A total of 96 patients achieved favorable outcome at discharge (80.0%), 97.6% (80/82) in the non-SAH group and 42.1% (16/38) in the SAH group. At 6‑month follow-up, favorable outcome was achieved in 100 patients (83.3%), 97.6% (80/82) in the non-SAH group and 52.6% (20/38) in the SAH group. In the SAH group, favorable outcome was achieved by 70.6% (12/17) of patients with a World Federation of Neurosurgical Societies score of (WFNS) 1–2 and by 38.1% (8/21) of patients with WFNS 3–5 (p = 0.046). Device-related morbidity at 6‑month follow-up was 1.2% (1/82) in the non-SAH group and 2.6% (1/38) in the SAH group. In both cases, device-related morbidity was related to a hemorrhagic complications.
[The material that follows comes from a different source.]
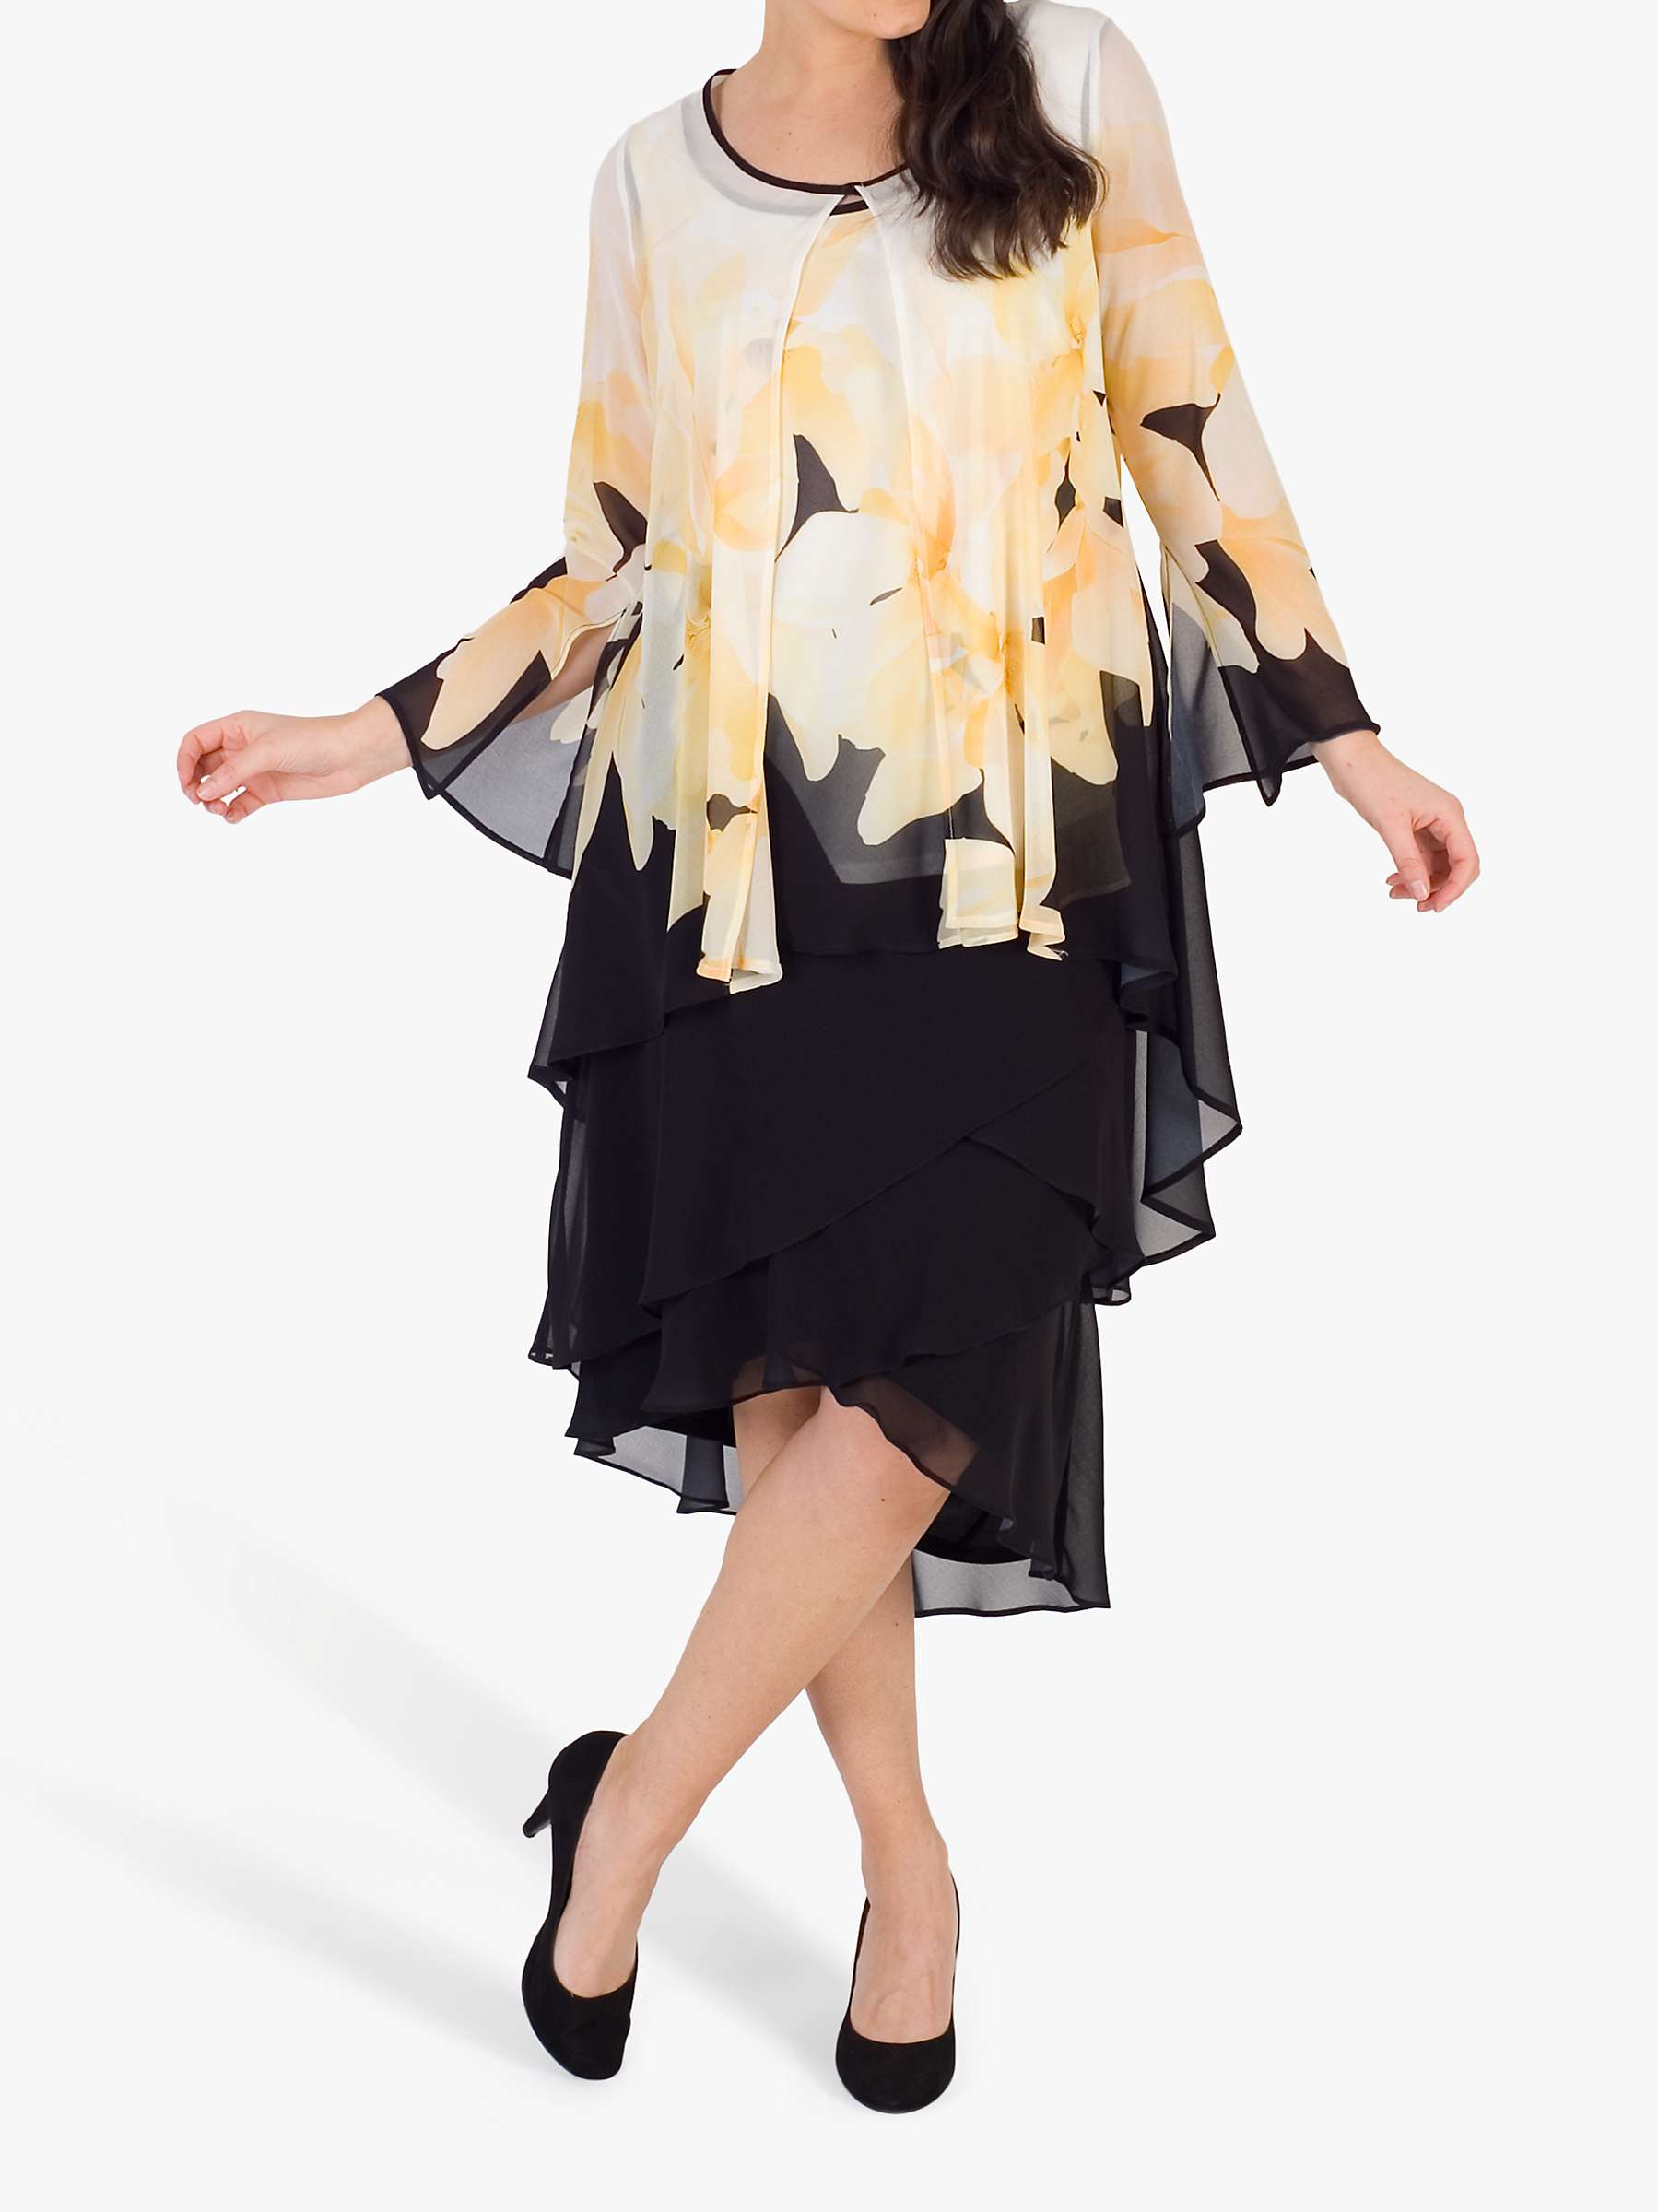 Buy chesca Semi-Sheer Floral Print Chiffon Jacket, Black/Yellow/Ivory Online at johnlewis.com

The clinical outcomes are shown in Table 5.
Risk Factors for Complications
The following variables were tested as risk factors for periprocedural complications in the univariate analysis (Table 6): patient age, gender, aneurysm location, aneurysm size indices, ruptured/unruptured aneurysm status, previous aneurysm treatment, aneurysm shape, intrasaccular partial thrombus formation, use of additional devices and WEB type. In two patients with intraoperative adverse events (aneurysm perforation and occlusion of the parent artery), additional stents were implanted to treat the respective complication. Hence, these cases were categorized as “WEB only” for the statistical analysis of risk factors.
In the univariate analysis, complications occurred significantly more often in patients with a lower aspect ratio (1.6 ± 1.2 vs. 1.9 ± 1.0, p = 0.04; AUC = 0.333) and an increased W/H ratio (1.2 ± 0.3 vs. 1.0 ± 0.3, p = 0.03; AUC = 0.676). These variables were dependent in the multivariate analysis (aspect ratio p = 0.9, W/H ratio: p = 0.13). The other tested factors were not significantly associated with procedural complications in the univariate analysis.
Discussion
In the current study consecutive patients were analyzed that differed in terms of aneurysm location, aneurysm size, aneurysm status and treatment modality. Hence, complications rates of WEB implantation in a real-world setting are reported. Procedure-related complications occurred during 14 of 120 WEB procedures, representing an overall complication rate of 11.7%. This rate is comparable to previous retrospective studies on WEB embolization. For instance, complications occurred in 11.7% in the study by Behme et al. [1] and 15.4% in the study by Clajus et al. [5]. The most common adverse events related to WEB implantation are thromboembolic complications, accounting for 14.4% in the study by Pierot et al. [21], 10.0% in the study by Clajus et al. [5] and 11.8% in the study by Papagiannaki et al. [18].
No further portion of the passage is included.